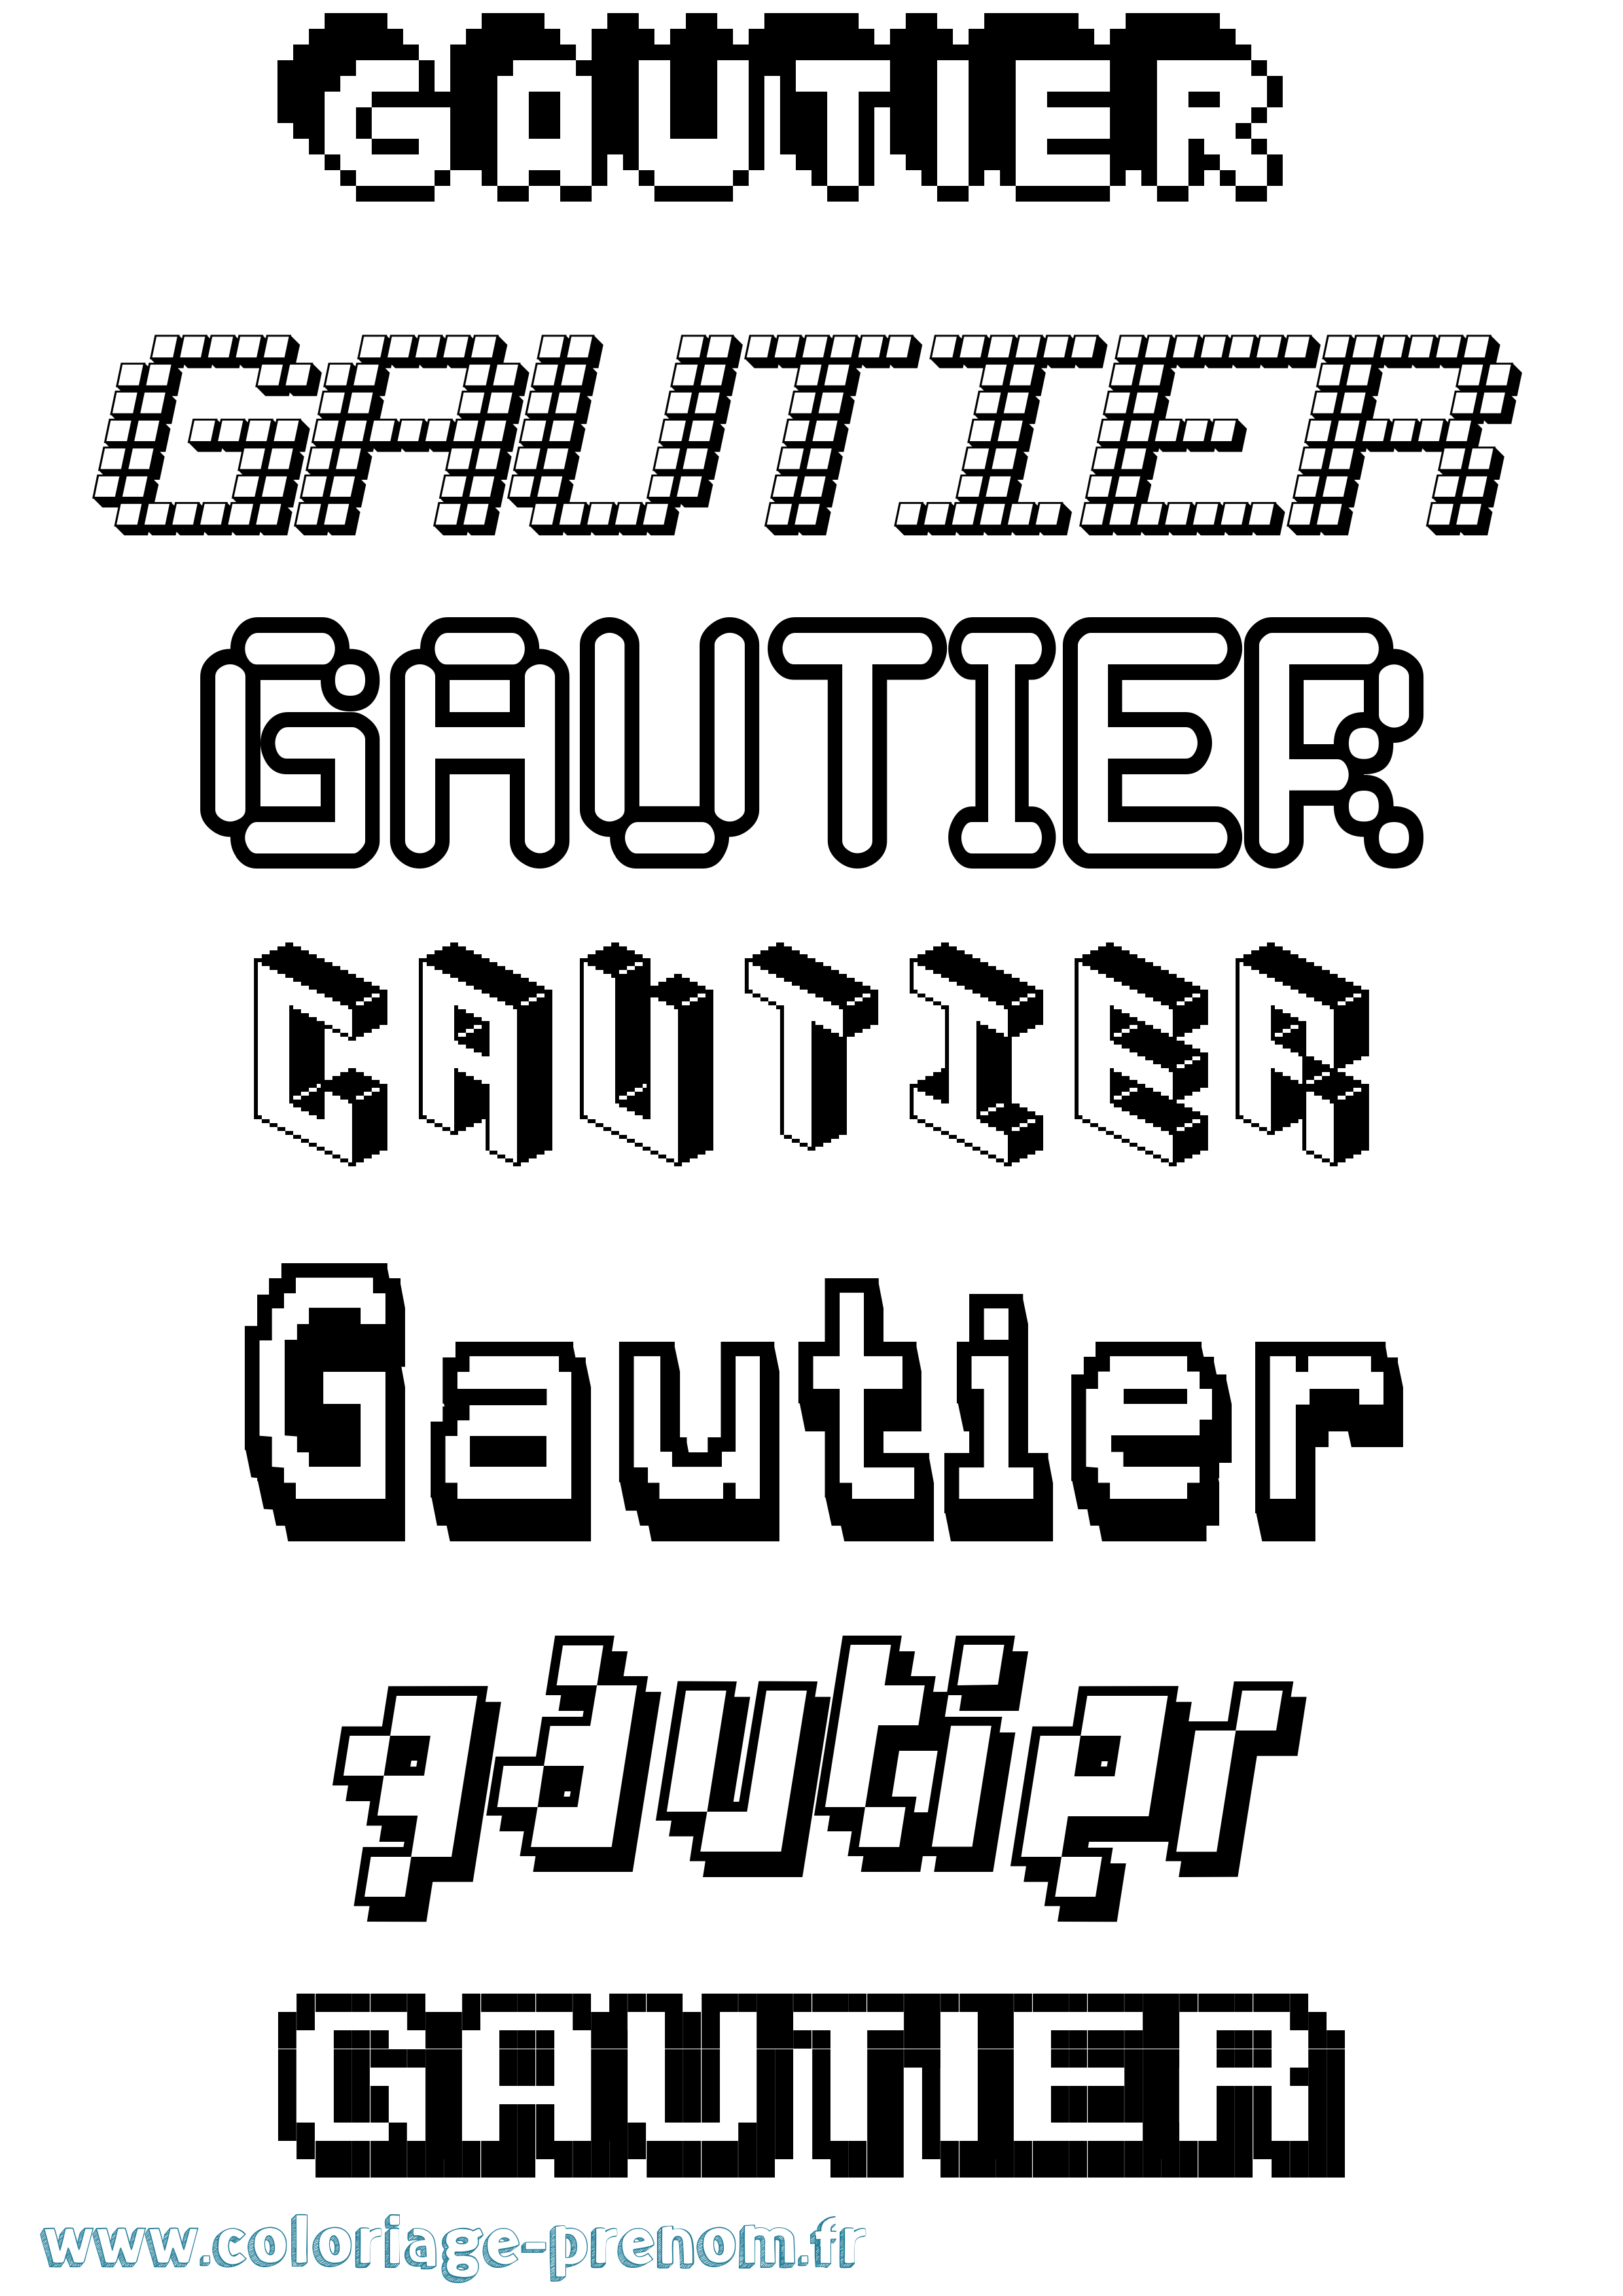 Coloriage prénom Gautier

---

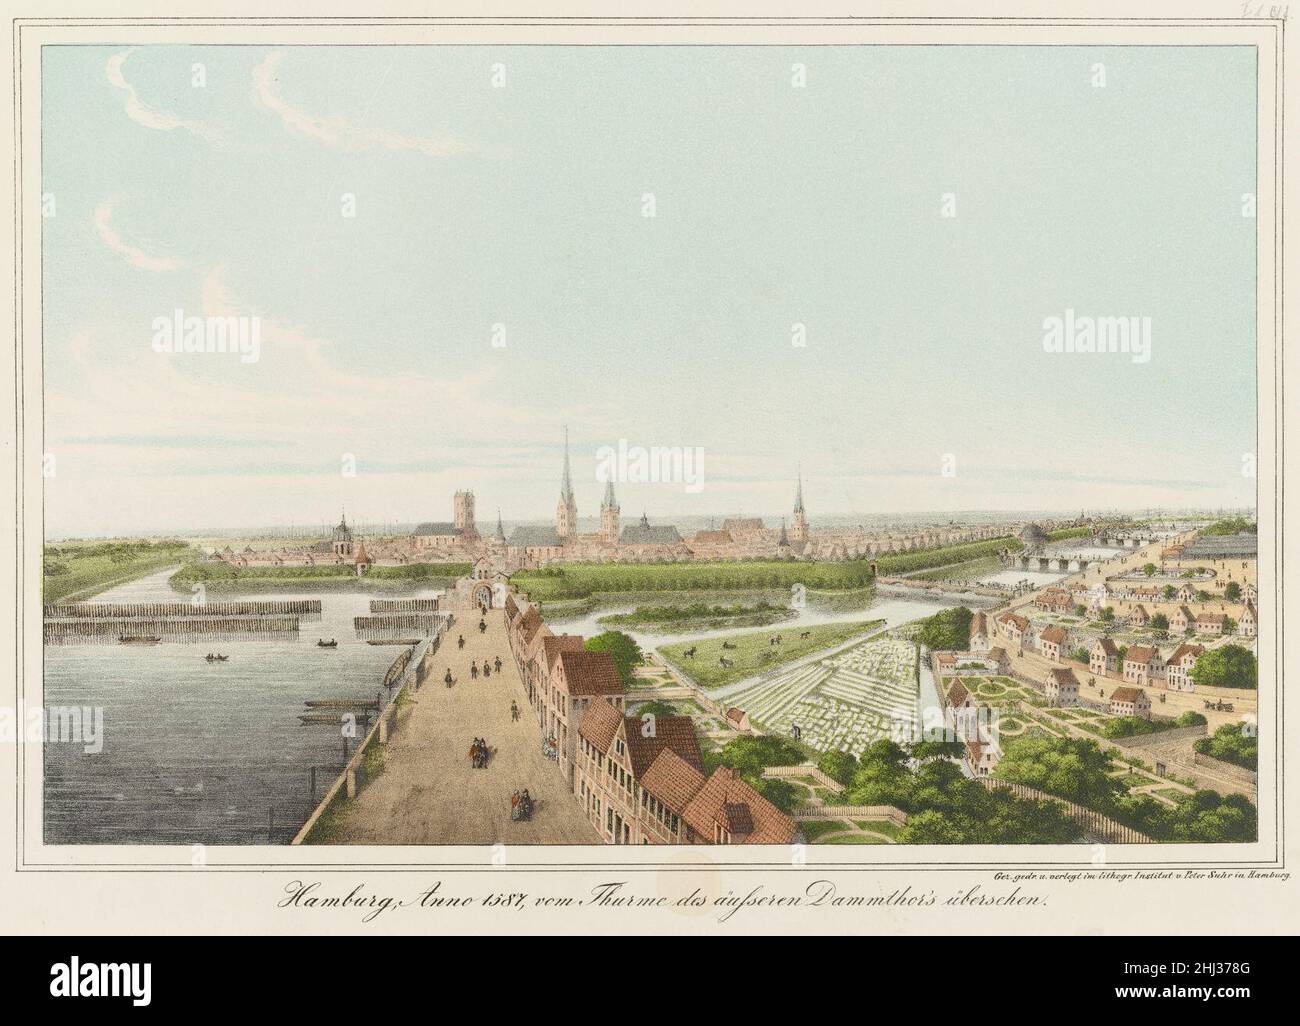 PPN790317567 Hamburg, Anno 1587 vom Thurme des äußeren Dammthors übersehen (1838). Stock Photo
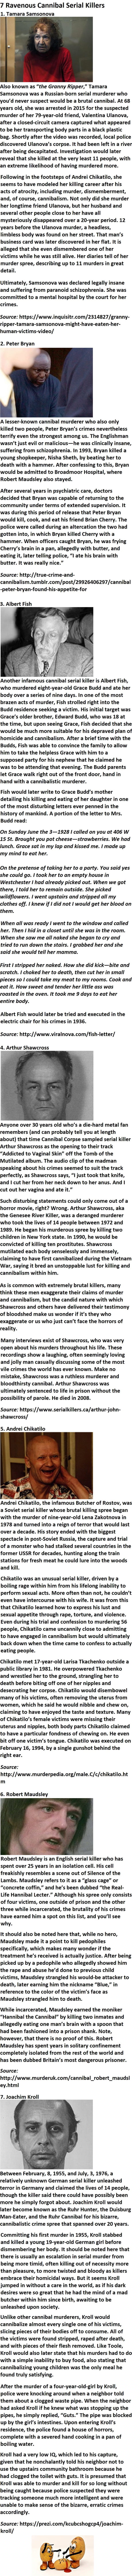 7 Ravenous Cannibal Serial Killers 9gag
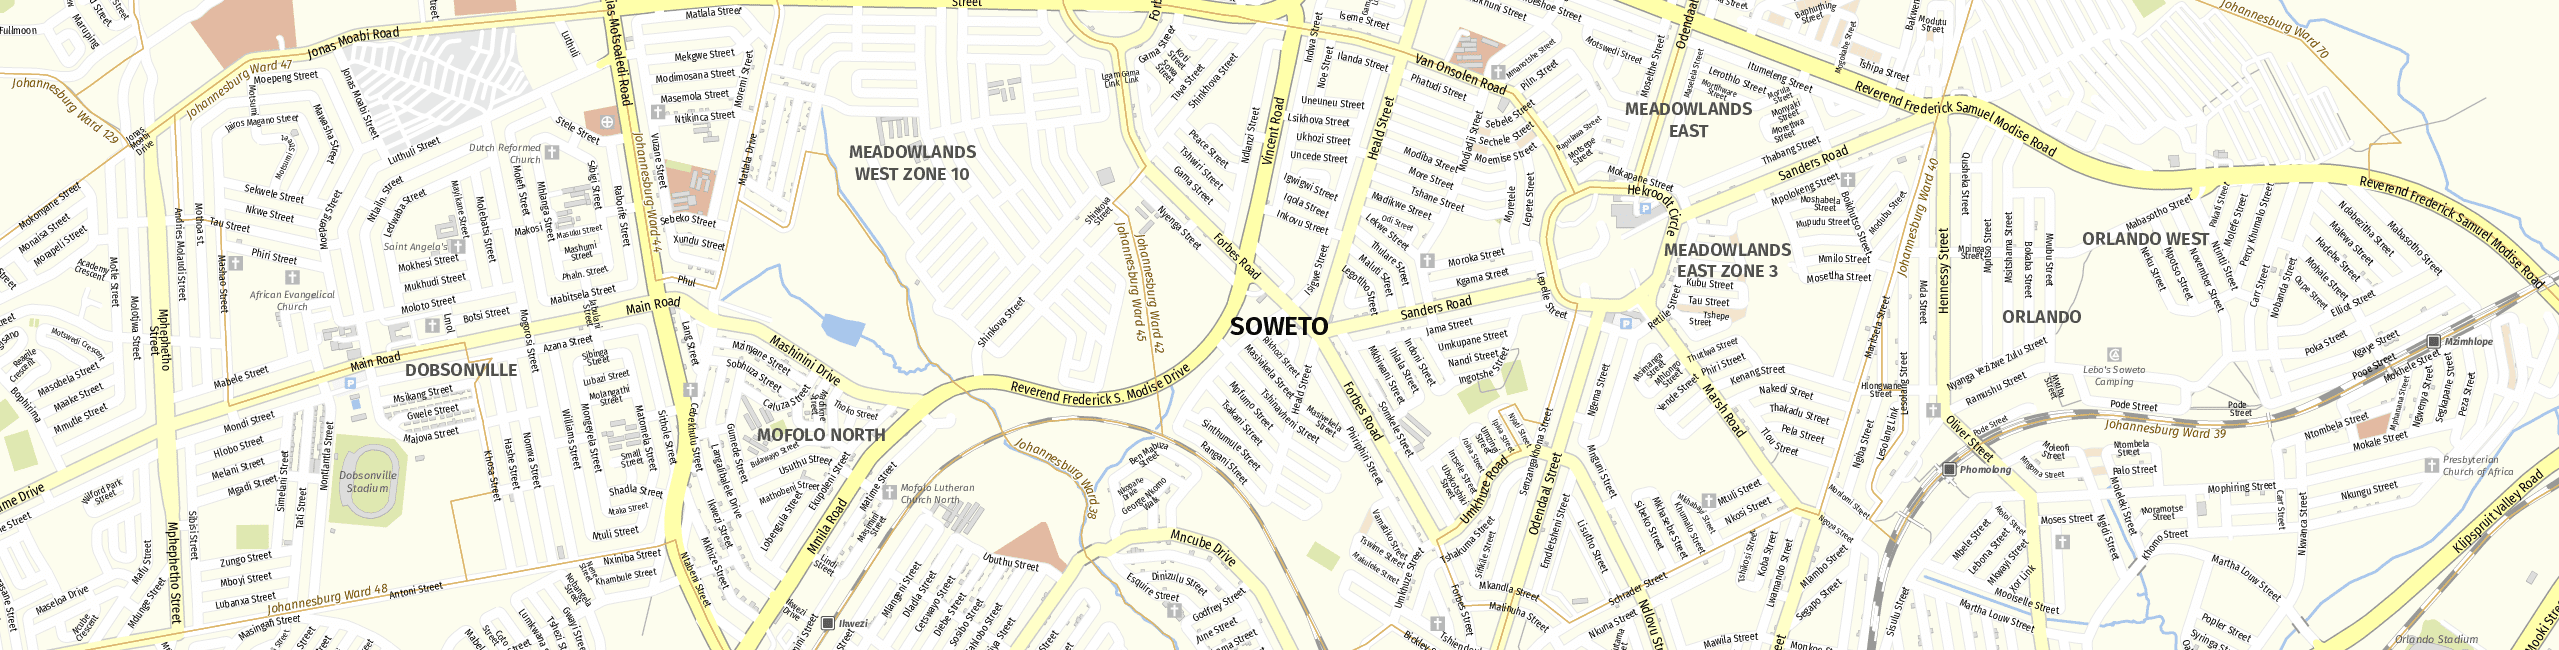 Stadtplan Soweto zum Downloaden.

» EXERCISE REQUIREMENTS: Above, find the line with "PPN790317567 Hamburg, Anno"; copy it and every line down to the line with "Stadtplan Soweto zum Downloaden.", exactly and both included, but no pictures.

» TASK ANSWER:
 PPN790317567 Hamburg, Anno 1587 vom Thurme des äußeren Dammthors übersehen (1838). Stock Photo
 7 Ravenous Cannibal Serial Killers 9gag
 Stadtplan Soweto zum Downloaden.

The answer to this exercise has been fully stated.